Kooperationsprojekt

Fachkräftestrategie für den Wirtschaftsraum Lahn-Taunus und Limburg-Weilburg – Gemeinsam erreichen wir mehr!

Das Thema ‚Fachkräfte‘ ist in der aktuellen Diskussion um die regionale wirtschaftliche Entwicklung und den Arbeitsmarkt allgegenwärtig. Globalisierung, Landflucht, zunehmende Mobilität, Digitalisierung und Demographischer Wandel werden die Situation zukünftig noch stärker als bisher verändern und sowohl Auswirkungen auf den Bedarf als auch auf das Angebot von Fachkräften haben. Im Wirtschaftsraum um Limburg und Diez spielt die hessisch-rheinland-pfälzische Landesgrenze hierbei eine wesentliche Rolle. Was auf den ersten Blick häufig gar nicht erkennbar ist, kann im Alltag der Betriebe und Unternehmen durchaus spürbar sein – beispielsweise, weil Zuständigkeiten und Verantwortlichkeiten getrennt, Verfahren komplizierter oder Wege länger sind. Ein Denken, das an der Landesgrenze Halt macht, führt zwangsläufig zu wirtschaftlichen Nachteilen für die Region. In der heutigen Zeit ist es von essenzieller Bedeutung, dass alle im Wirtschaftsraum an einem Strang ziehen – auch beim Thema Fachkräfte.

Aus diesem Grund haben wir, die Lokalen Aktionsgruppen der LEADER-Regionen Lahn-Tau­nus (Verbandsgemeinden Aar-Einrich, Bad Ems-Nassau, Diez und Nastätten) und Limburg-Weilburg, das Kooperationsprojekt ‚Länderübergreifender Strategieprozess zur bedarfsgerechten Arbeits- und Fachkräftesicherung‘ ins Leben gerufen. Ziel des Projekts ist, die im Zusammenhang mit dem Thema Fachkräfte auftretenden Herausforderungen im länderübergreifenden Wirtschaftsraum Lahn-Taunus und Limburg-Weilburg zu identifizieren und gemeinsam mit Akteuren aus unterschiedlichsten Bereichen anzugehen.

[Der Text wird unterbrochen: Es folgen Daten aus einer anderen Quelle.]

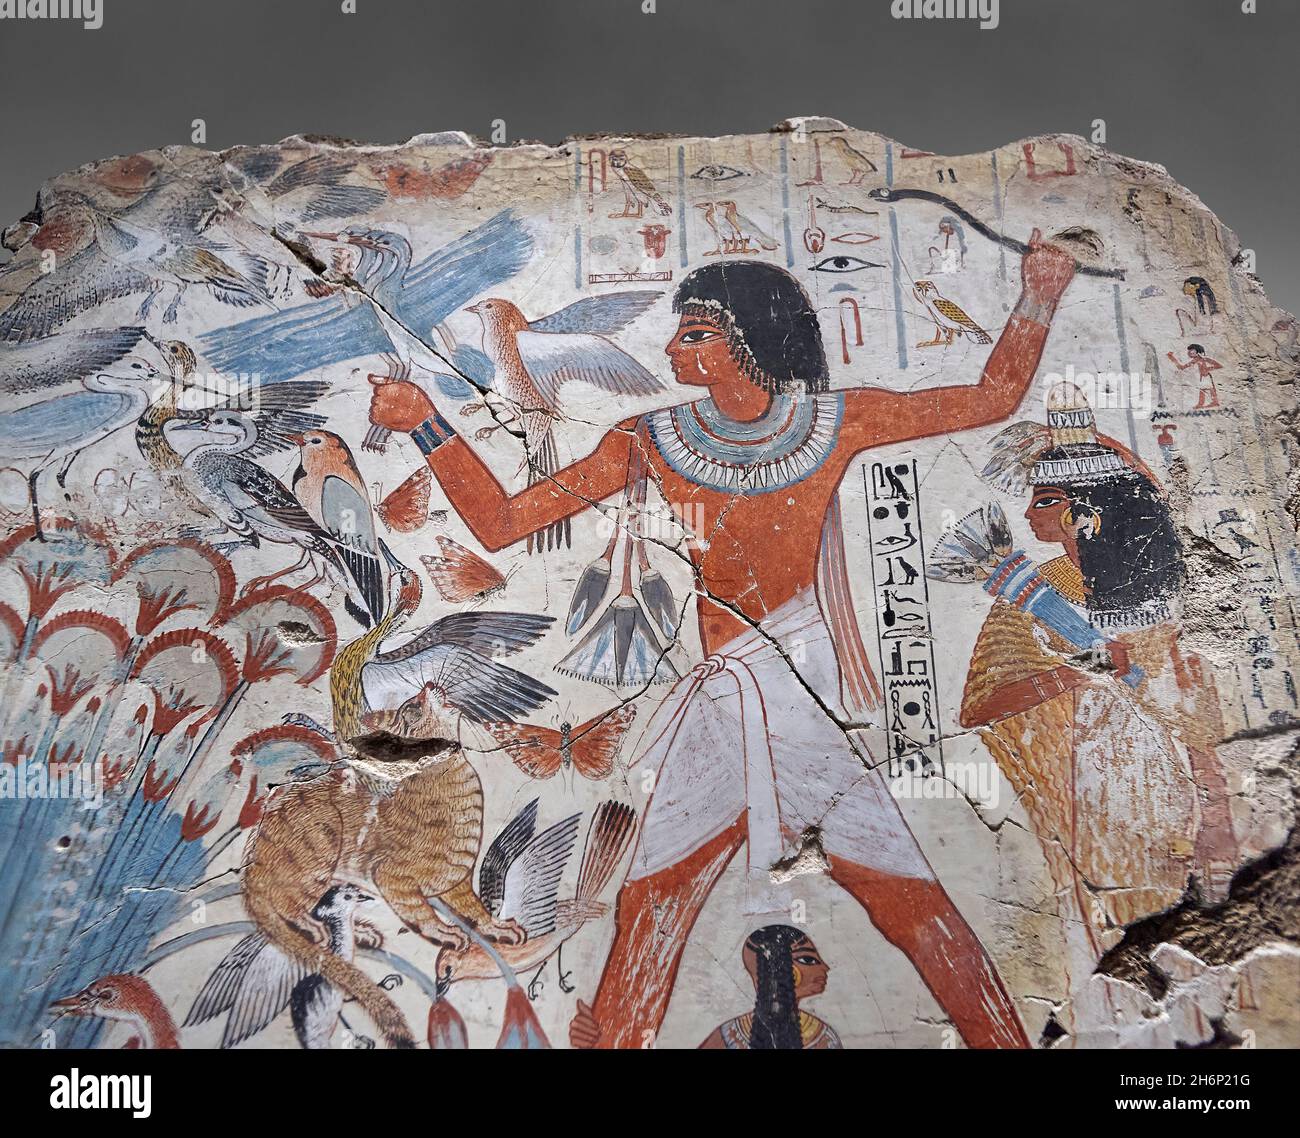 Tableau de la tombe antique d'art de mur égyptien: Chasse de Nebamun dans les marais, tombe de Nebamun Thèbes, Circa 1350BC, dynastie 18e.British Museum EA37977. Banque D'Images
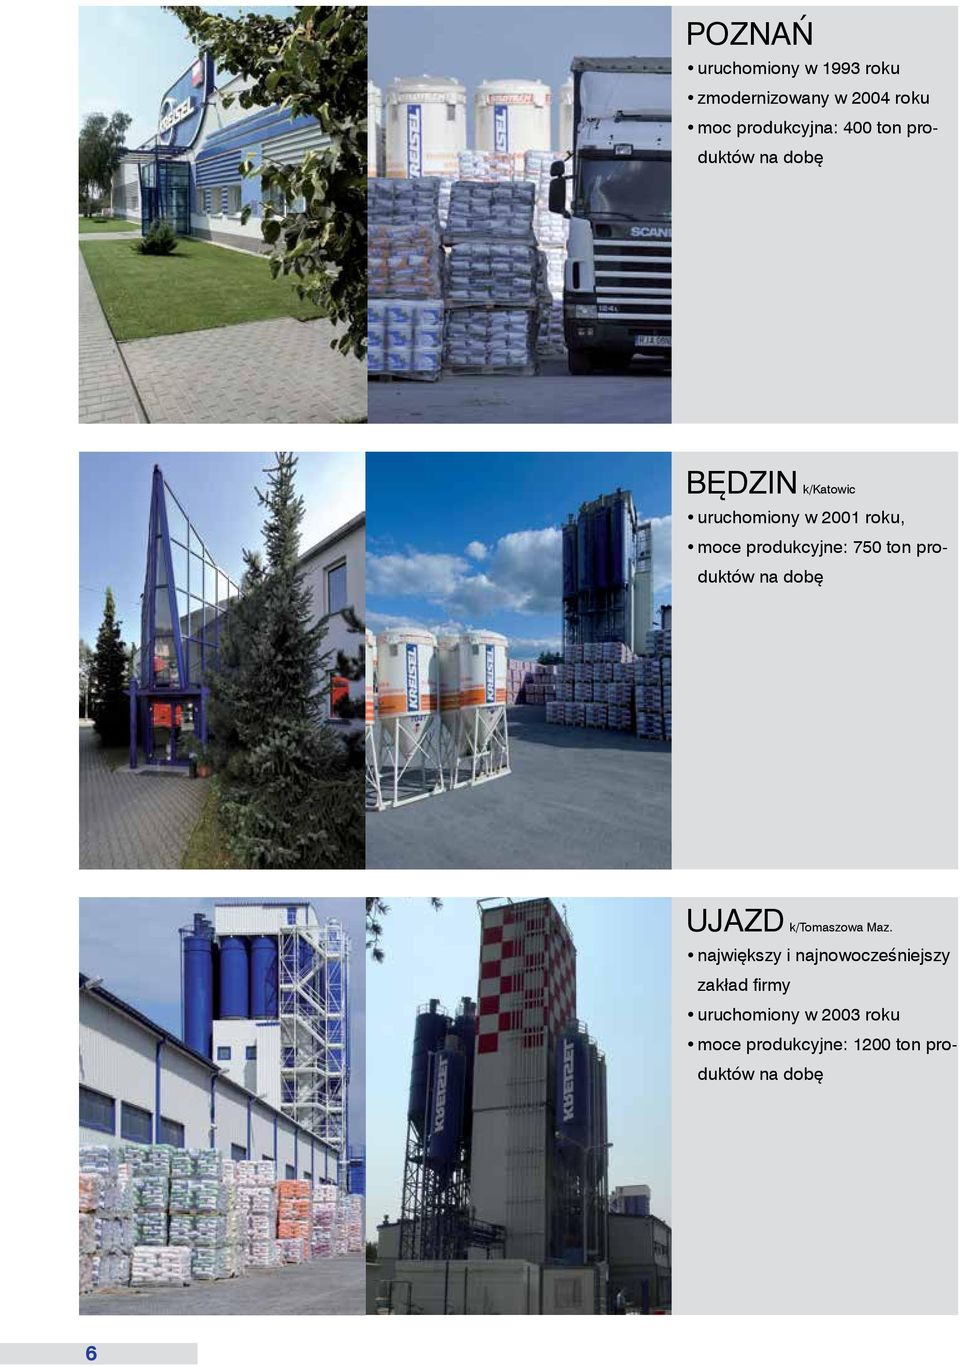 750 ton produktów na dobę UJAZD k/tomaszowa Maz.

Wir wollen die Situation als Chance begreifen – und nicht als Problem!


Der Prozess

Um die Erfahrungen der verschiedenen Akteure zu sammeln, die Situation in der Region zu erfassen und Lösungsansätze zu entwickeln, sollen im Anschluss an die am 15. Oktober 2019 durchgeführte große Auftaktveranstaltung Gruppen zu bestimmten Themen gebildet werden, die sich in den Jahren 2020 und 2021 dreimal pro Jahr in Workshops zusammenfinden. Beide Jahre sollen mit einer Großveranstaltung im letzten Quartal abgeschlossen werden, in denen die Ergebnisse der unterschiedlichen Gruppen zusammengetragen werden und es einen Überblick über den Stand des Projekts gibt. Am Ende soll eine Strategie vorliegen, die als Grundlage für eine Fortführung der gemeinsamen Arbeit nach 2021 dienen kann.

Das gesamte Projekt soll als Gemeinschaftsaufgabe verstanden und durch Einbezug verschiedenster Akteure möglichst realitäts- und praxisnah gestaltet werden. Herausforderungen und negative Erfahrungen sollen ebenso integriert werden wie bereits bestehende und gegebenenfalls erweiterbare Angebote und Lösungsansätze.

Als Grundlage für den Prozess dient ein vom Institut für Wirtschaft, Arbeit und Kultur (IWAK) erstelltes Datendossier, das aufzeigt, wie sich die Situation im Wirtschaftsraum Lahn-Taunus und Limburg-Weilburg zahlenmäßig darstellt.